Many of us who understood software and modern scientific code architecture finally left the stagnant field and never looked back.

1 Like

@nickels thanks for the feedback and welcome!

I generally agree with your sentiment. I’ll add two clarifications: First, Sandia has large teams to maintain their C++ codes. Generally if you have a team, you can easily afford a large C++ code base and it will deliver for you. However if you have a small team or are a single developer, C++ is hard. Fortran, on the other hand, can be used by a single person and it will deliver for you, if you need numerics. (And I use C++ daily.)

Second, regarding F90, I think it was initially slower, but it seems to me that modern compilers can compile it to as fast code as F77.

C++ is fine, but if it can become as easy, safe and high performance as Fortran for numerical array computing is not clear to me, right now it still has a long way to go.

3 Likes

It is rather disappointing to me that creating a Fortran equivalent to eigen remains somewhat impossible at this point, or at least, has not been done and widely accepted as the go-to standard.

1 Like

Thanks for the friendly reply!
I don’t know if this is appropriate for here, but-what would really be an improvement for me is if fortran found its way in some form into a default compiler for Visual Studio-I’ve got an old airplane model in fortran that I need to use (searching led me here) but its just so hard to deal with fortran integration on windows (its mostly abi and stdlibrary clashes). We had a levenberg-marquardt optimization code a while back in fortran that was the same issue. Linux is a choice but it only gets one so far!
Some of of the blas type things at sandia were in fortran under the C++ covers!
This cross language usage can be very powerful.

2 Likes

The stdlib team is waiting for you :slight_smile: !

2 Likes

It is rather disappointing to me that creating a Fortran equivalent to eigen remains somewhat impossible at this point, or at least, has not been done and widely accepted as the go-to standard.

BLAS/LAPACK.

To quote from Eigen’s FAQ:

Eigen has an incomparably better API than BLAS and LAPACK

Here is an example of the generalised eigenvalue decomposition from our code:

integer m,info
real(8) vl,vu
integer iwork(5*n),ifail(n)
real(8) w(n),rwork(7*n)
complex(8) work(2*n)
call zhegvx(1,'V','I','U',n,A,n,B,n,vl,vu,1,nv,evaltol,m,w,v,n,work,2*n,rwork,iwork,ifail,info)

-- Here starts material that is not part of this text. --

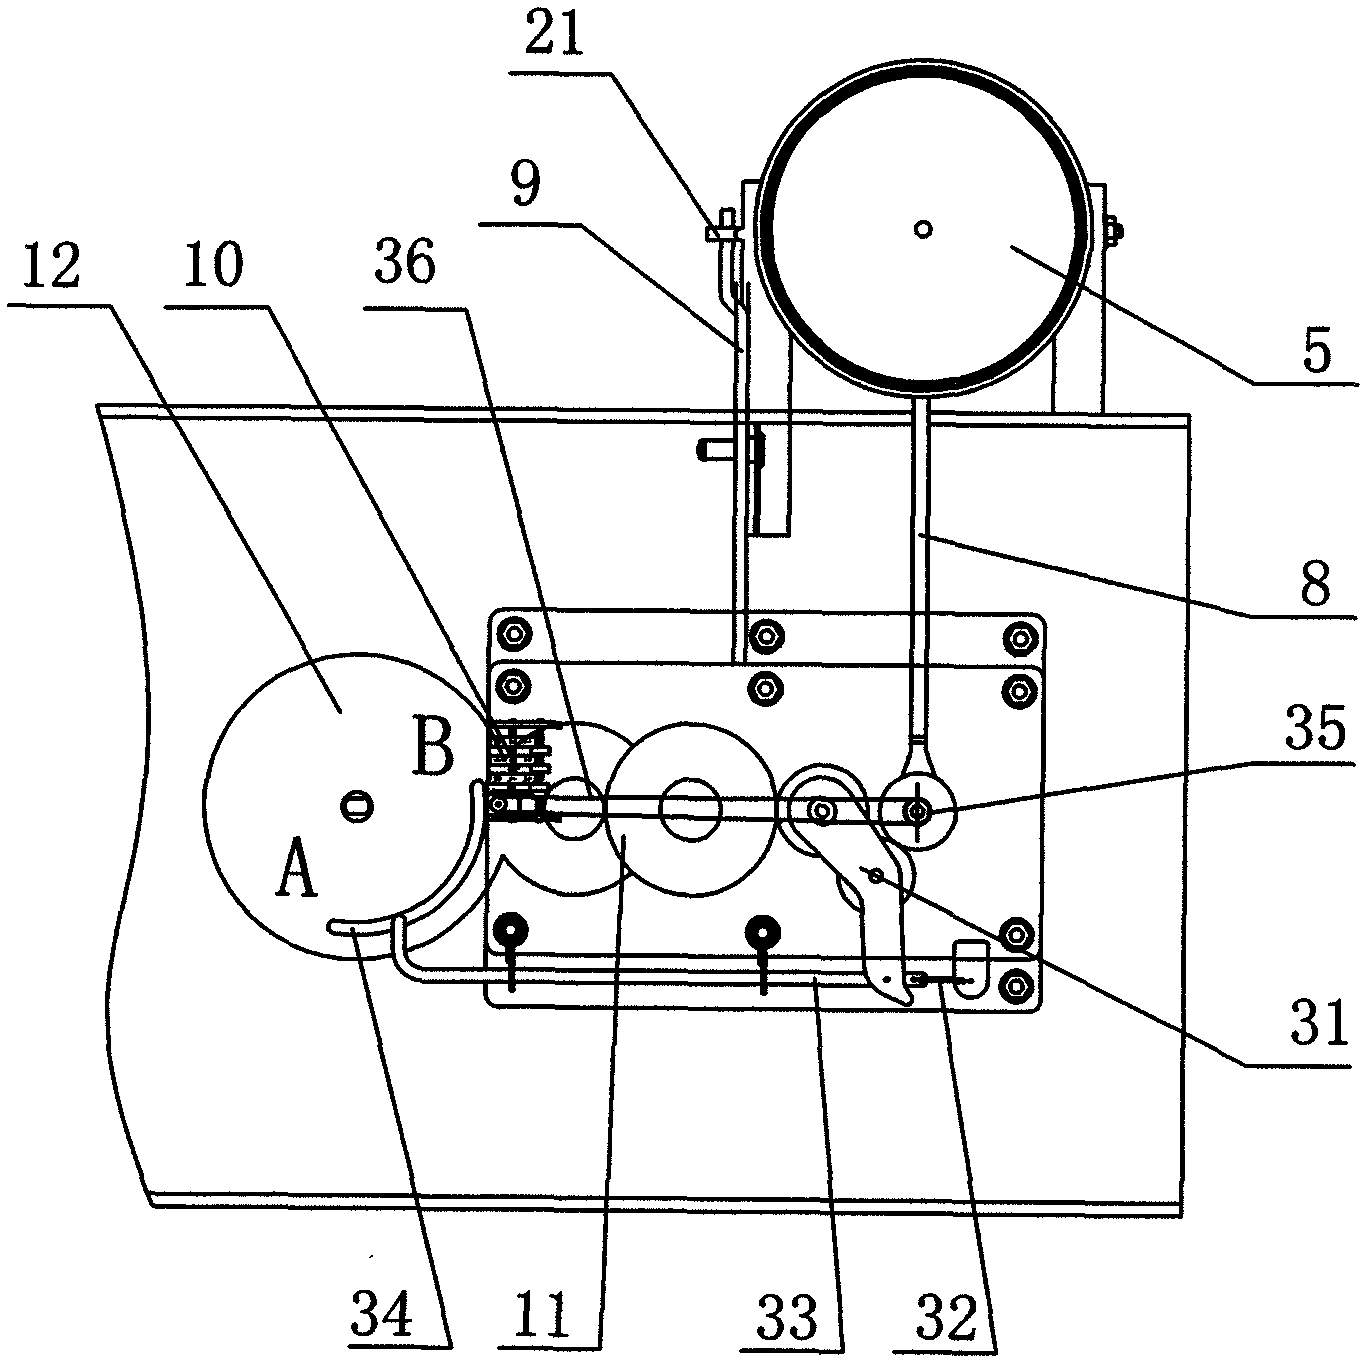 Large flow mechanical self-controlling valve for irrigating paddy fields

Here’s the nearly equivalent from Eigen:

GeneralizedSelfAdjointEigenSolver<MatrixXd> es(A,B);
cout << "The eigenvalues of the pencil (A,B) are:" << endl << es.eigenvalues() << endl;
cout << "The matrix of eigenvectors, V, is:" << endl << es.eigenvectors() << endl << endl;

Now if you’ve been brought up on MATLAB or Python then the Eigen interface may seem better, although I can’t see it myself. However, the LAPACK interface (with it’s antiquated call statement) is easier when you have to deal with details, which is so often the case with large codes. In this case we need to compute a subset of eigenvectors within an integer range. I’m sure this can be done in Eigen, but the desired range still has to be typed in somewhere, and you end up with the same (or more) amount of coding to be done.

1 Like

And the Wizard of BLAS, Jack Dongarra and his group, are working on the MAGMA and PLASMA projects to extend LAPACK to multi-core and GPU systems as well as MPI. They supposedly have Fortran interfaces but the latest version of MAGMA appears to be missing a Python script needed to compile the Fortran interfaces.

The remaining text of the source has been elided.